USA TODAY International Edition
Golfers pay millions and gain close contact with president
Members include dozens of lobbyists and federal contractors
Dozens of lobbyists, contractors and others who make their living influencing the government pay President Trump’s companies for membership in his private golf clubs, a status that can put them in close contact with the president, a USA TODAY investigation found.
Members of the four clubs Trump has visited as president — in Florida, New Jersey and Virginia — include at least 50 executives whose companies hold federal contracts and 21 lobbyists and trade group officials. Twothirds played on one of the 58 days the president was there, according to scores they posted online.

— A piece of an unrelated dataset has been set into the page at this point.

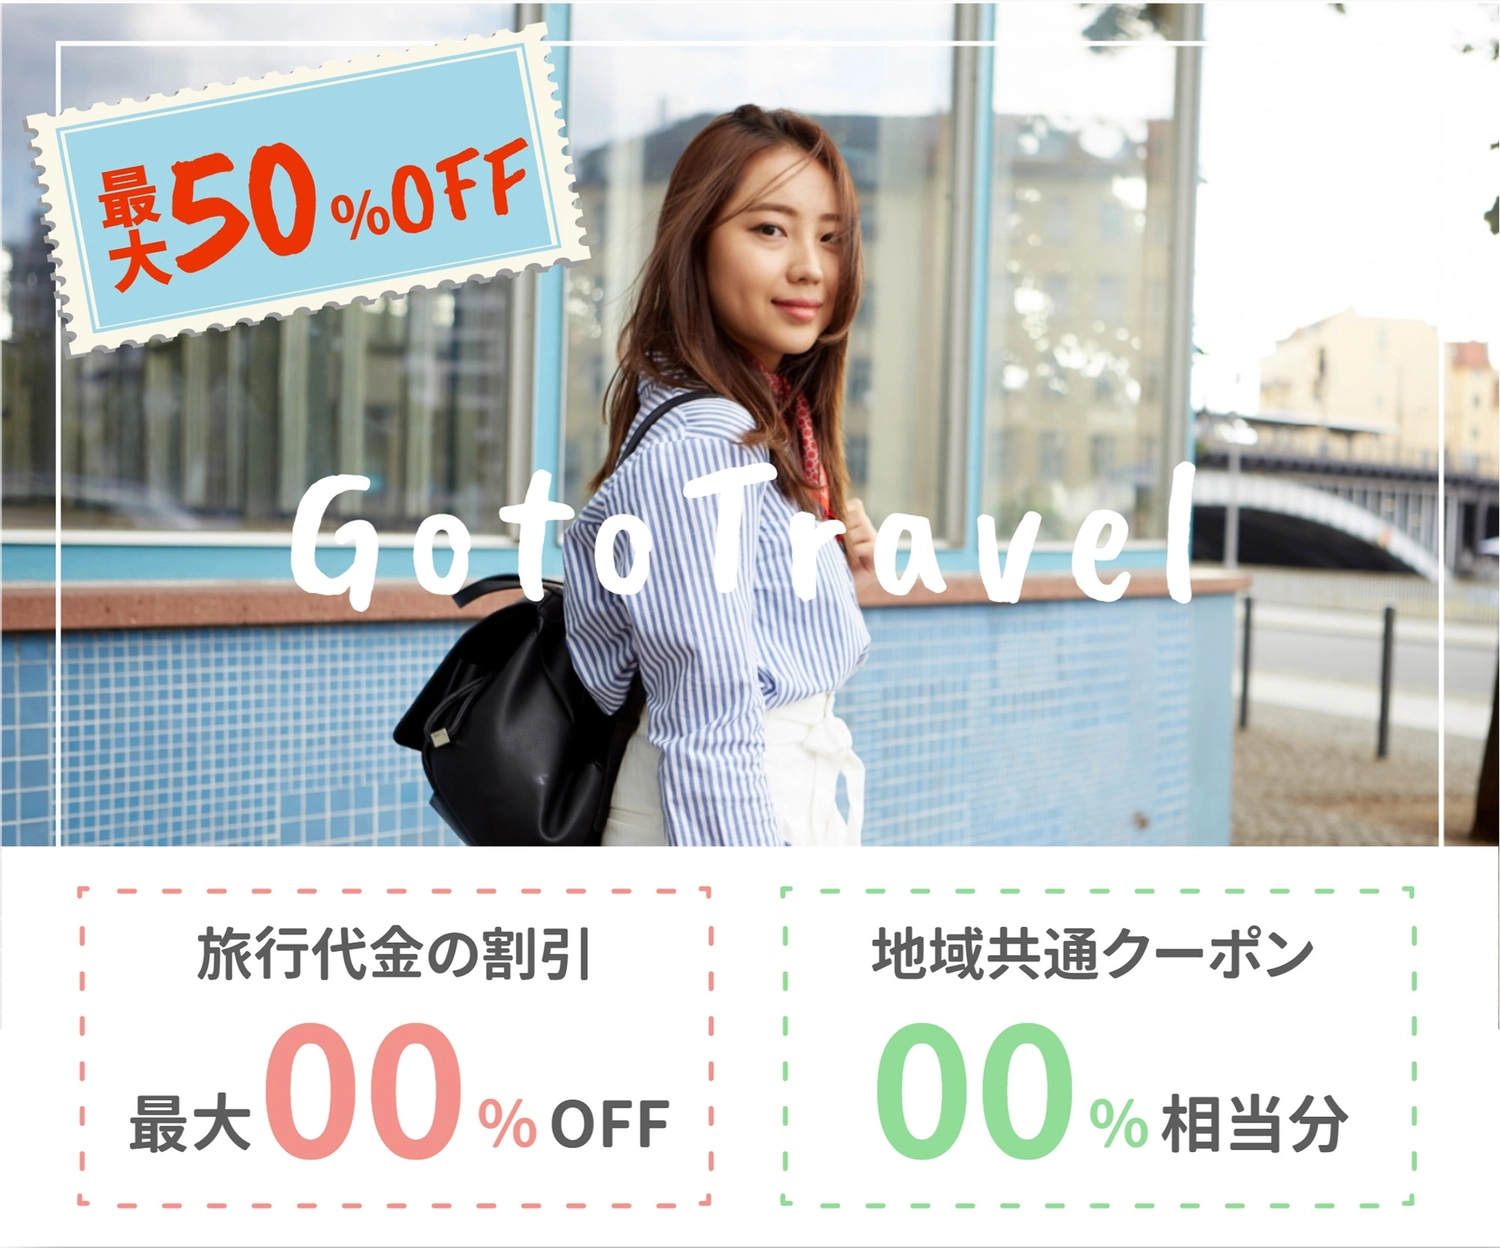 Gotoトラベルの広告バナー（写真）, Số tiền, miễn giảm, thiết kế, banner mẫu

Because membership lists at Trump’s clubs are secret, the public has until now been unable to assess the conflicts they could create. USA TODAY found the names of 4,500 members by reviewing social media and a public website golfers use to track their handicaps, then researched and contacted hundreds to determine whether they had business with the government.
The review shows that, for the first time in U.S. history, wealthy people with interests before the government have a chance for close and confidential access to the president as a result of payments that enrich him personally. It is a view of the president available to few other Americans.
Among Trump club members are top executives of defense contractors, a lobbyist for the South Korean government, a lawyer helping Saudi Arabia fight claims over the Sept. 11 terrorist attacks
and the leader of a pesticide trade group that persuaded the Trump administration not to ban an insecticide government scientists linked to health risks.
Members of Trump’s clubs pay initiation fees that can exceed $100,000, plus thousands more in annual dues to his companies, held in a trust for his benefit.
The arrangement is legal, and members said they did not use the clubs to discuss government business. Nonetheless, ethics experts questioned whether it’s appropriate for a sitting president to collect money from lobbyists and others who spend their days trying to shape federal policy or win government business.
“I think we’re all in new territory,” said Walter Shaub, who recently resigned as director of the Office of Government Ethics after repeated clashes with the White House. “We never thought we’d see anyone push the outer limits in this way.”
Citing privacy and national security, the White House has moved to keep secret the president’s interactions. Unlike the Obama administration, the Trump White House does not disclose the president’s golf partners, or whether he played. The Trump team also ended an Obama administration practice of releasing White House visitor logs. In July, a federal court ordered the government to release visitor records from Trump’s Mar-a-Lago resort in Palm Beach, Fla., to a watchdog group. The deadline is Friday.
Trump’s U.S. golf clubs are among the most lucrative outposts in his empire, bringing in about $600 million in 2015 and 2016, according to his financial disclosure reports.
Some members find themselves in close proximity to a president who has visited his golf clubs on about a quarter of the days that he has been in office. Many describe Trump as surprisingly approachable, welcoming advice on everything from the state of the tee boxes to the course of his administration.
In April, Trump marked his 100th day in office at a factory owned by a company run by a member of his New Jersey golf club. Standing behind Trump as he signed two executive orders was Robert Mehmel, president of the company that owns the Ames factory in Harrisburg, Pa., and another company that sells radars and electronics to the military, including about $54 million worth of contracts last year.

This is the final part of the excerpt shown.